Records supplied:
——

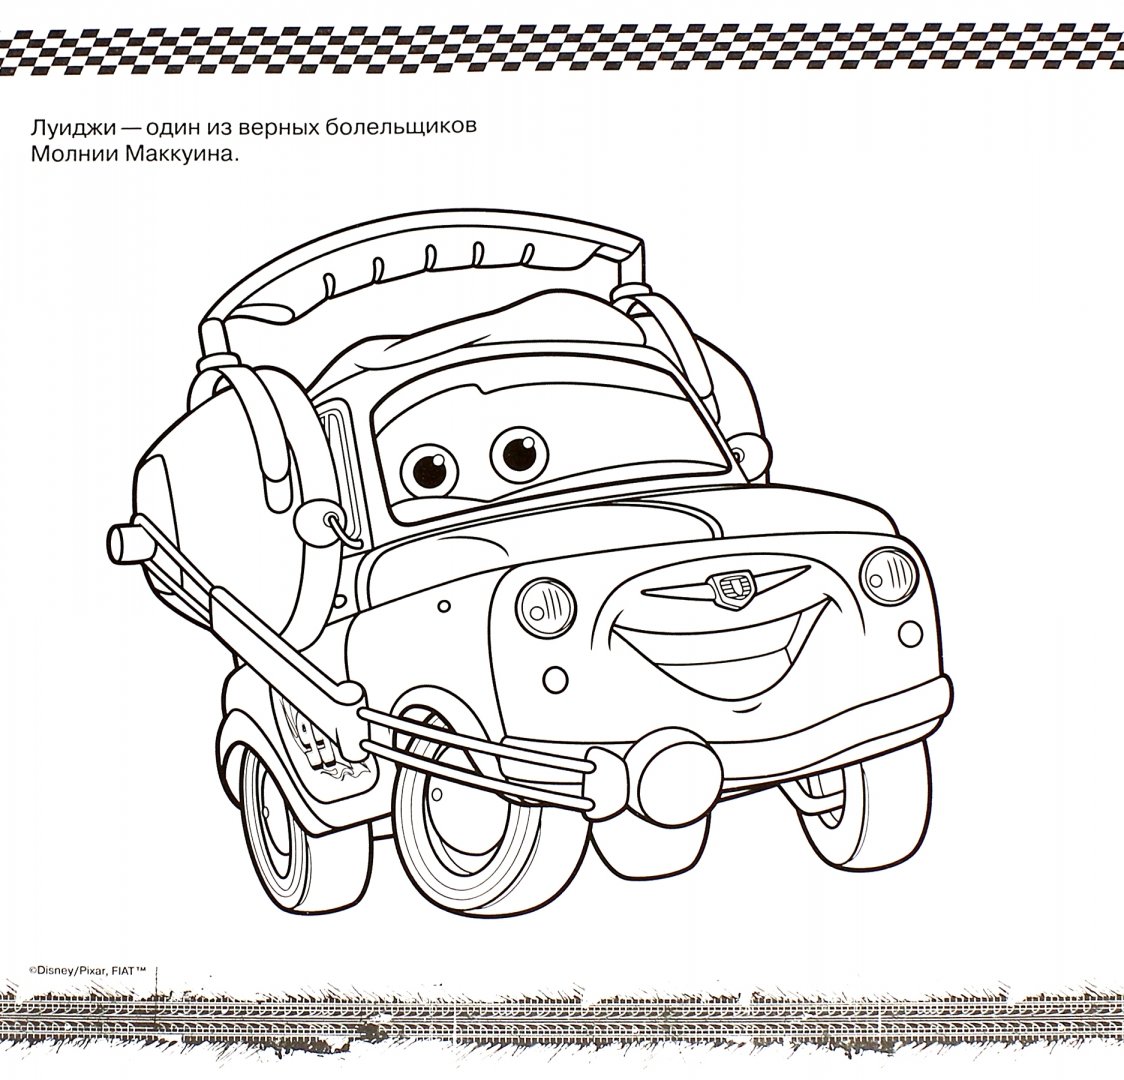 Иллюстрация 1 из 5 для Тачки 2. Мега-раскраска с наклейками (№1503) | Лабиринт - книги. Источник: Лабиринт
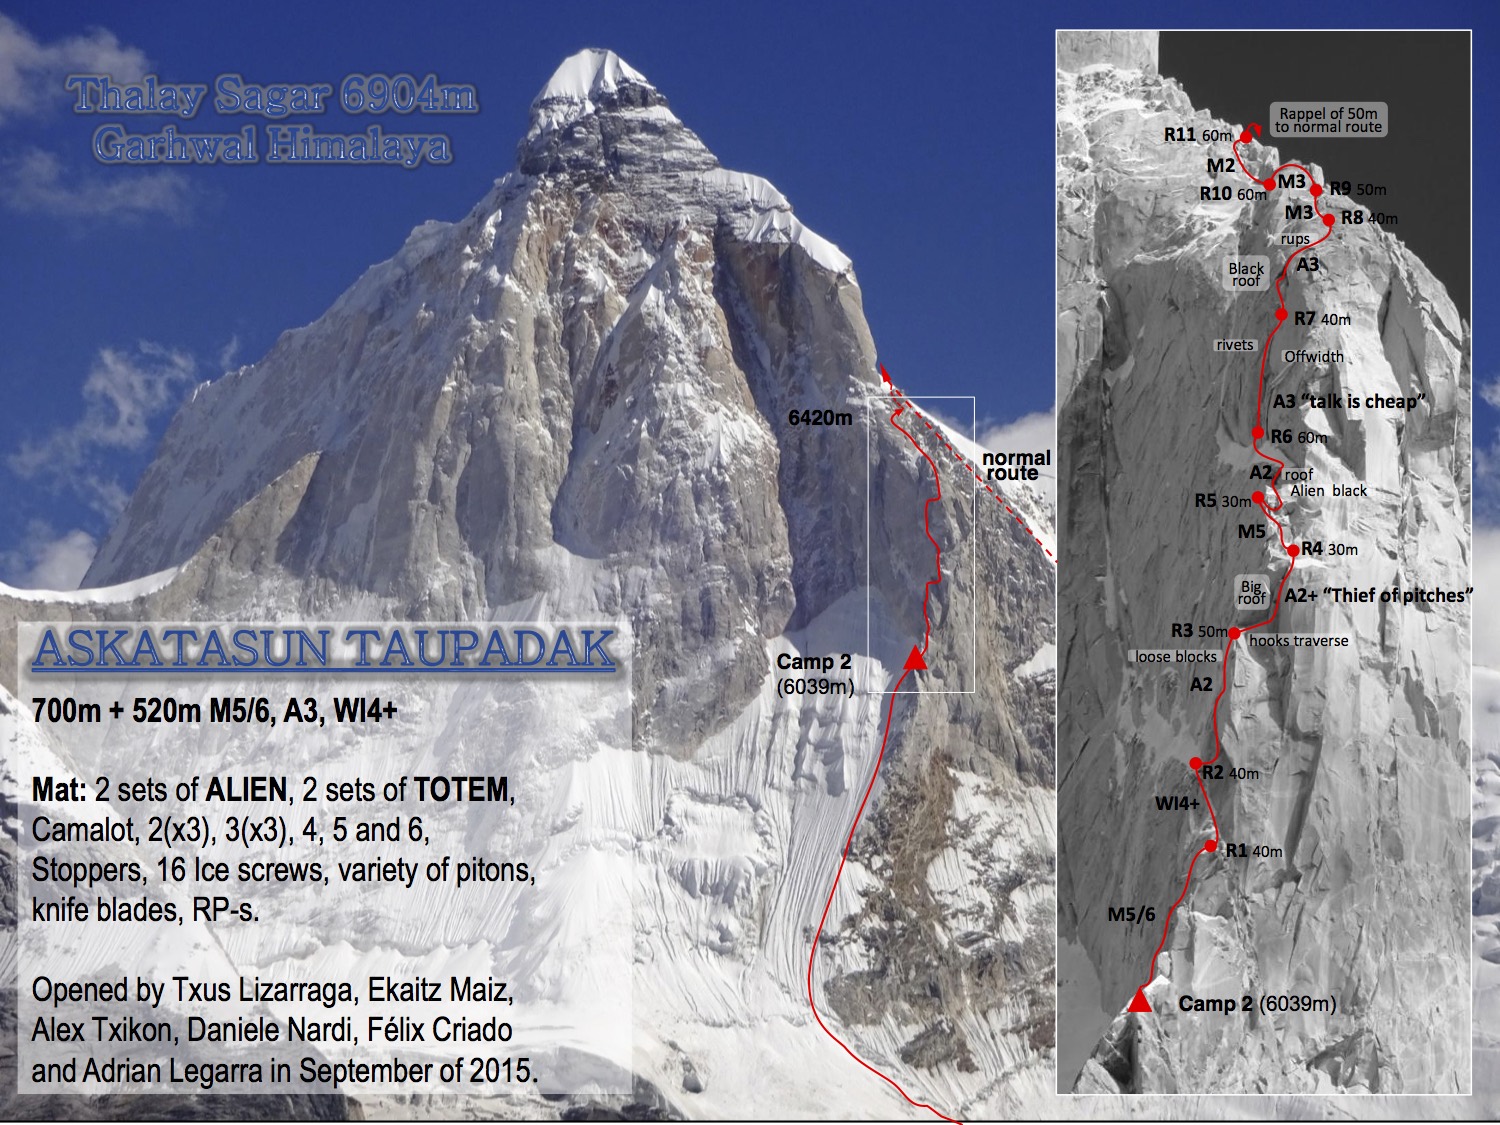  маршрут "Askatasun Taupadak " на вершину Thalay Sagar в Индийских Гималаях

——

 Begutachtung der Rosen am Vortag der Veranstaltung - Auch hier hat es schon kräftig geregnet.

——

Requirement:
Beginning at the line that has "Иллюстрация 1 из" and ending at the line that has "в Индийских Гималаях", restate the listing above word for word, pictures left out.

Solution below:
 Иллюстрация 1 из 5 для Тачки 2. Мега-раскраска с наклейками (№1503) | Лабиринт - книги. Источник: Лабиринт
  маршрут "Askatasun Taupadak " на вершину Thalay Sagar в Индийских Гималаях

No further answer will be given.